Hacker Detector

Hacker Detector

A small device that uses the MAX32620FTHR and an ESP8266 to detect hackers over WiFi.

Story

Hacking is a common problem in today’s world. People are constantly getting hacked and hackers are destroying people’s privacy via identity theft, which as a result can put people in danger and ruin their safety. Privacy is growing to be more and more of a safety issue each day. This project is a submission for the Unleash Invisible Intelligence by Maxim and is under the personal safety category.

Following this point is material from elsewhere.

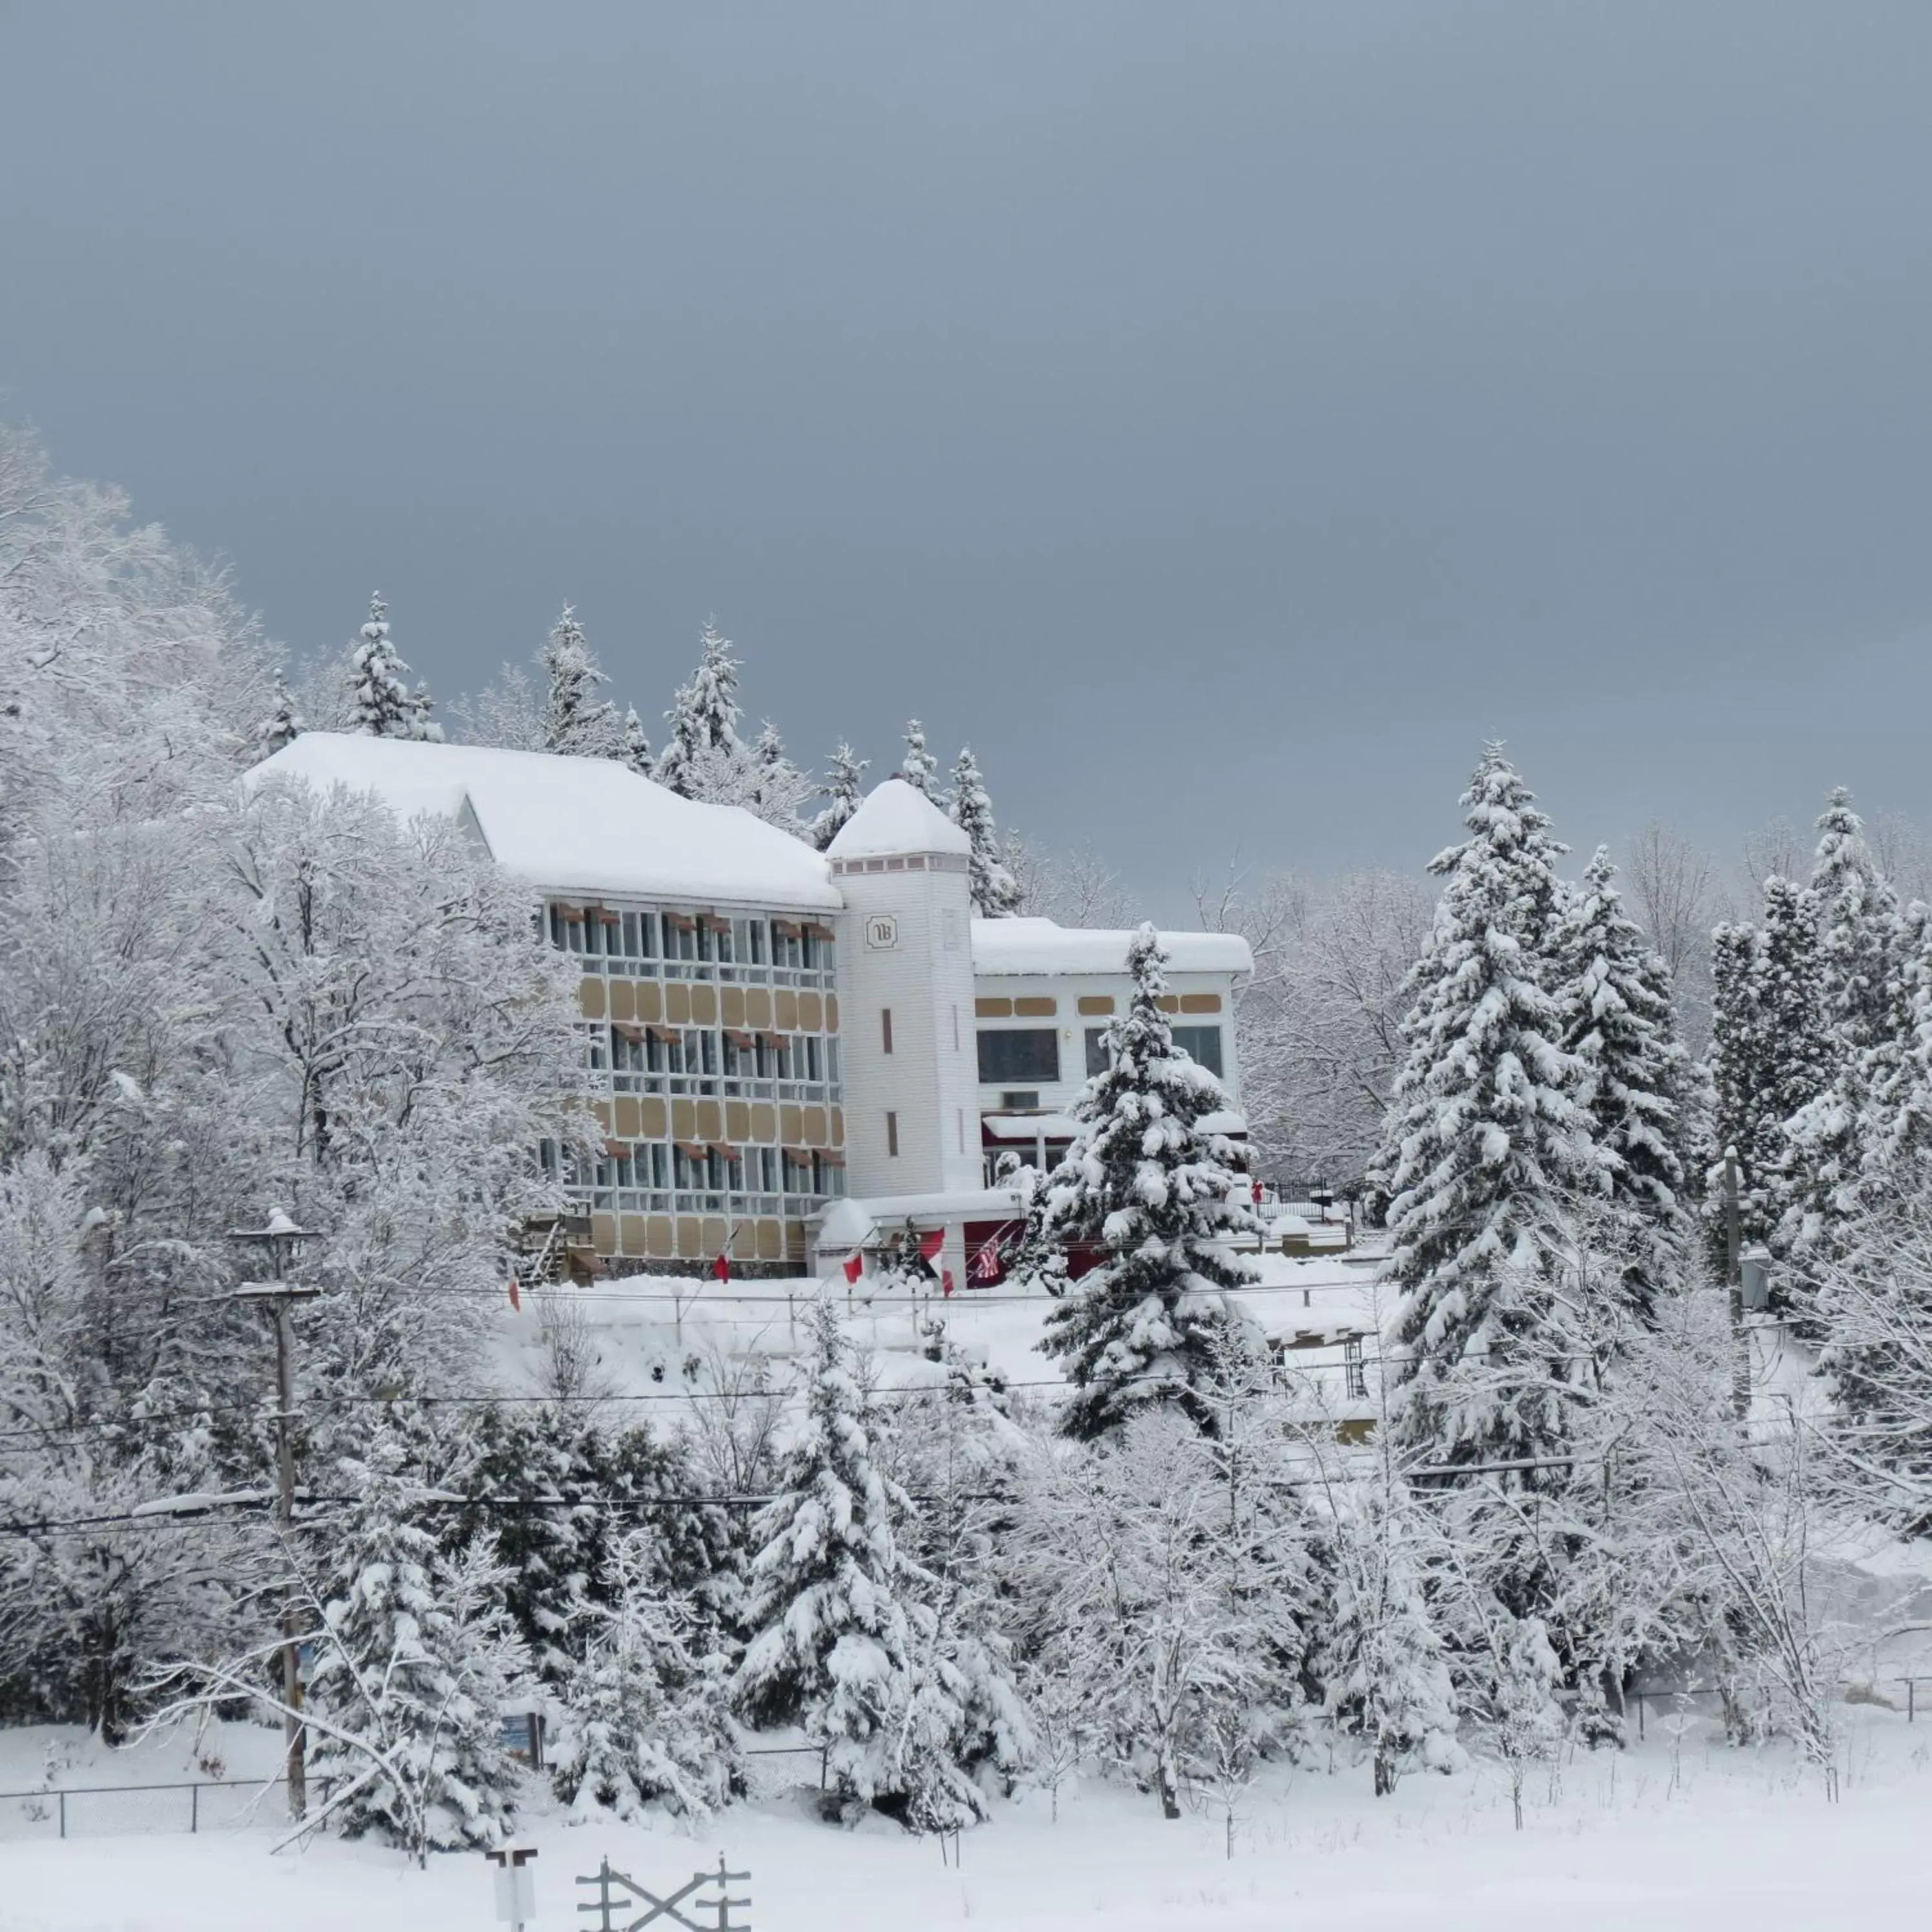 Property building, Winter in Auberge Hotel Spa Watel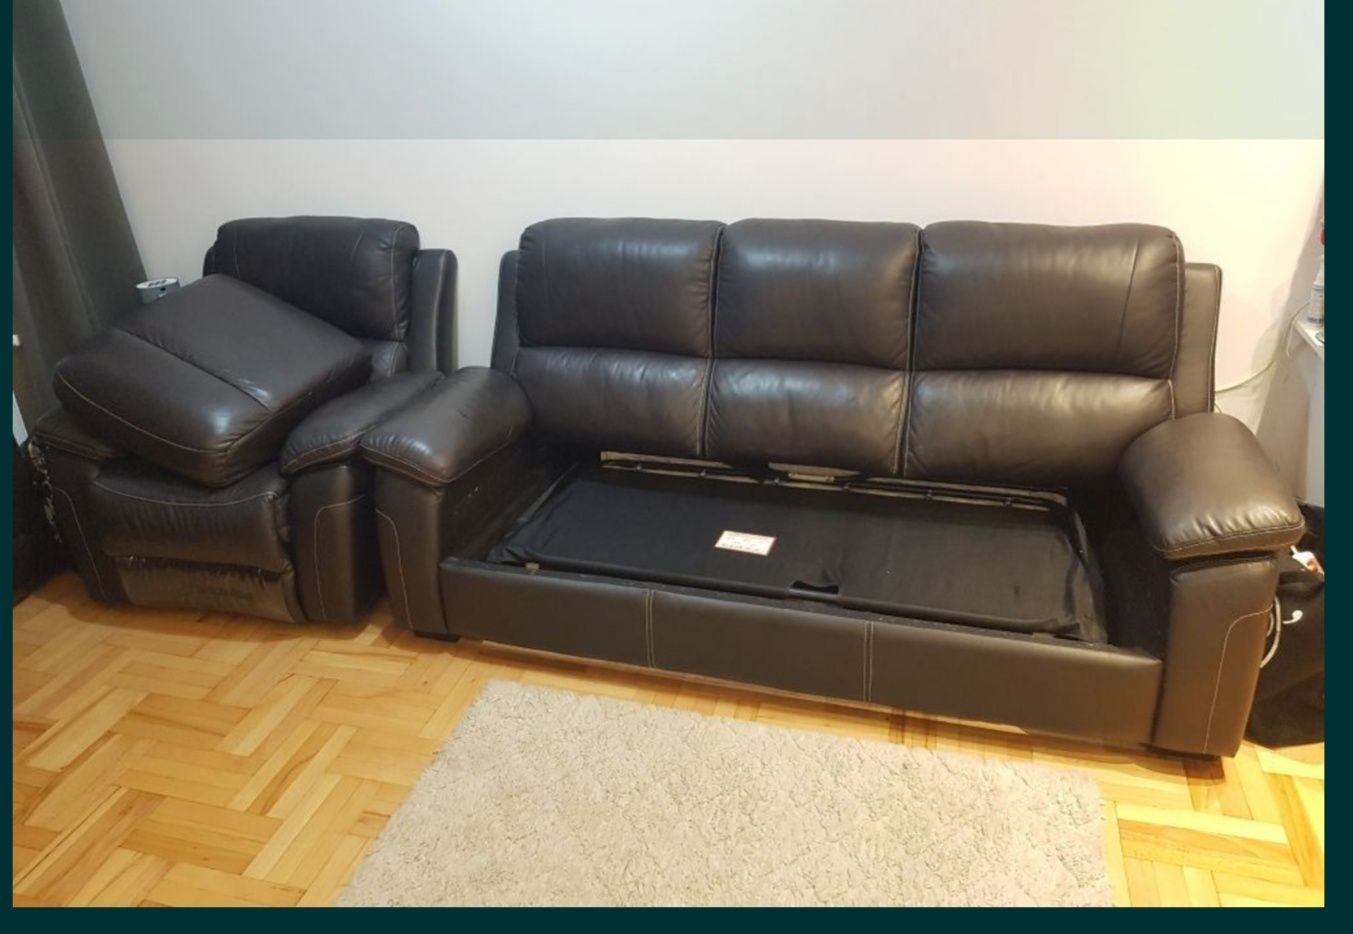 OKAZJA. Komplet wypoczynkowy MJW CONCEPT. Sofa + 2 fotele.

Has your phone every told you that a wifi network (i.e. public network) isn’t safe to join, or your privacy could be compromised because a certain website doesn’t follow the latest security standards? Have you ever wanted to know if a hacker was on a network, maliciously collecting people’s passwords? Now you can. Introducing the Hacker Detector

The hacker detector is a simple device that allows people to know if a hacker is detected on the WiFi of their choice. Using the MAX32620FTHR, this project is able to come alive.

How Are Hackers Detected?

A common form of hacking over wifi is called DNS spoofing. DNS spoofing simply means hosting a fake or clone website trying to mimic the real website. My idea for detecting hackers is to spot “fake” websites and alert people that hackers may be trying to collect their data through false websites.

My project is divided into two sections: Code and Hardware.

If you are going to complete this cool project, please complete the Code section first as it goes over the drivers and boards installation.

The Code

There are many ways to hack. My device is designed to detect the most relevant form of attack over a wifi network. This is called: “DNS Spoofing”. DNS spoofing allows hackers to redirect (or “spoof”) a webpage (DNS) that someone looks up on a wifi network! For example, you could be looking up ebay.com. A hacker would then serve you a cloned version of ebay.com. If you enter in your credentials (account password and username), you are essentially giving them to the hacker!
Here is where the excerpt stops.